1.Identify the abandonment guarantee (within the meaning given by section 104 of the Finance Act 1991 (c. 31)) on the obtaining of which the expenditure was incurred.

2.Identify the liabilities covered by the guarantee.

3.Identify which of those liabilities relate to qualifying assets.

4.Identify the portion of the expenditure that it is just and reasonable to apportion to the liabilities identified under rule 3.

5.Identify the qualifying assets to which the liabilities identified under rule 3 relate.

6.Identify the use of those qualifying assets that has been (or is expected to be) non-excluded use.

7.Assume that expenditure is incurred on the provision of those qualifying assets and identify the proportion of the hypothetical expenditure that it would be just and reasonable to apportion to the use of those assets identified under rule 6.

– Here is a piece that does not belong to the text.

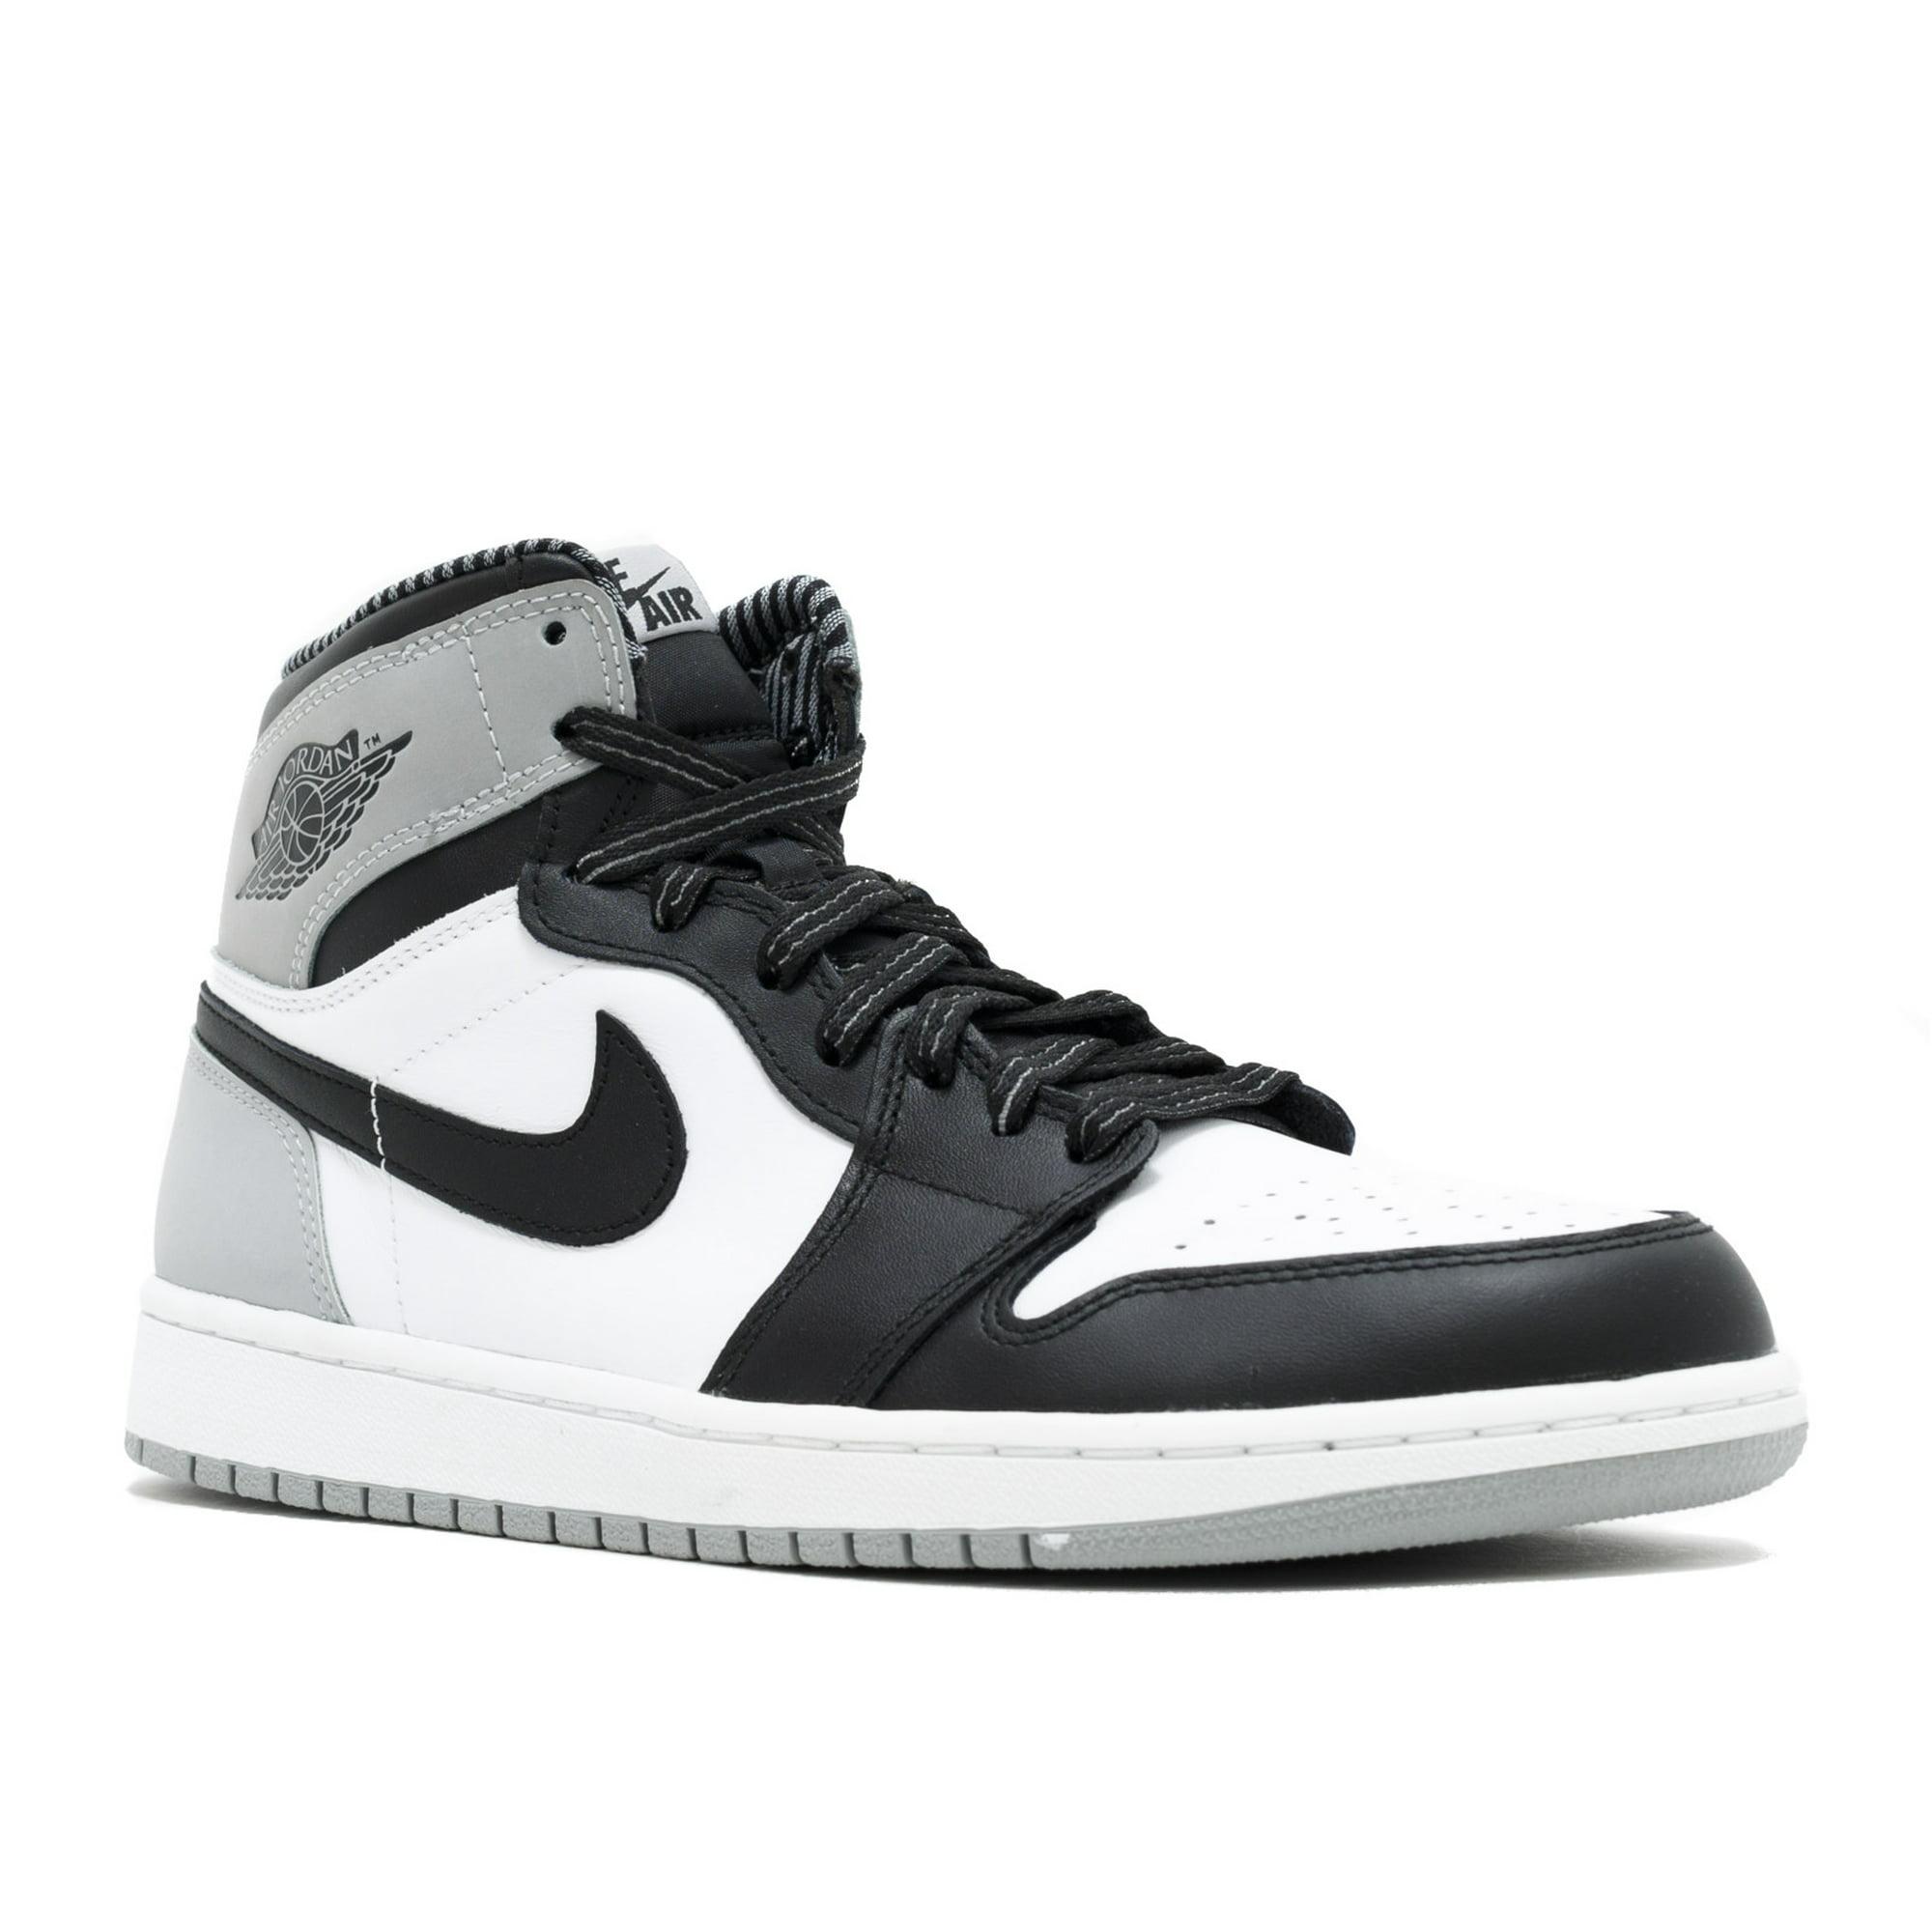 low priced e5d45 07b41 Air Jordan - Men - Air Jordan 1 Retro High Og  Barons  - 555088-104 - Size  11   Walmart Canada

8.The portion mentioned in subsection (3D) above is then determined by multiplying—

(i)the portion identified under rule 4, by

(ii)the proportion (expressed as a fraction) identified under rule 7.

(3F)Any expenditure allowable under section 3 of this Act for the field by virtue of section 3(1)(i) or (j) of this Act shall be a portion of what it would otherwise have been.

(3G)That portion is determined in accordance with the following rules—

1.Identify the qualifying asset that is relevant to the incurring of the expenditure.

2.Identify the use of that qualifying asset that has been non-excluded use.

3.Assume that expenditure is incurred on the provision of that qualifying asset and identify the proportion of the hypothetical expenditure that it would be just and reasonable to apportion to the use of that asset identified under rule 2.

4.The portion mentioned in subsection (3F) above is then determined by multiplying—

(i)the expenditure, by

(ii)the proportion (expressed as a fraction) identified under rule 3.

(3H)In subsections (3E) and (3G) above—

(2)The amendments made by this section apply to expenditure incurred on or after 7th March 2001.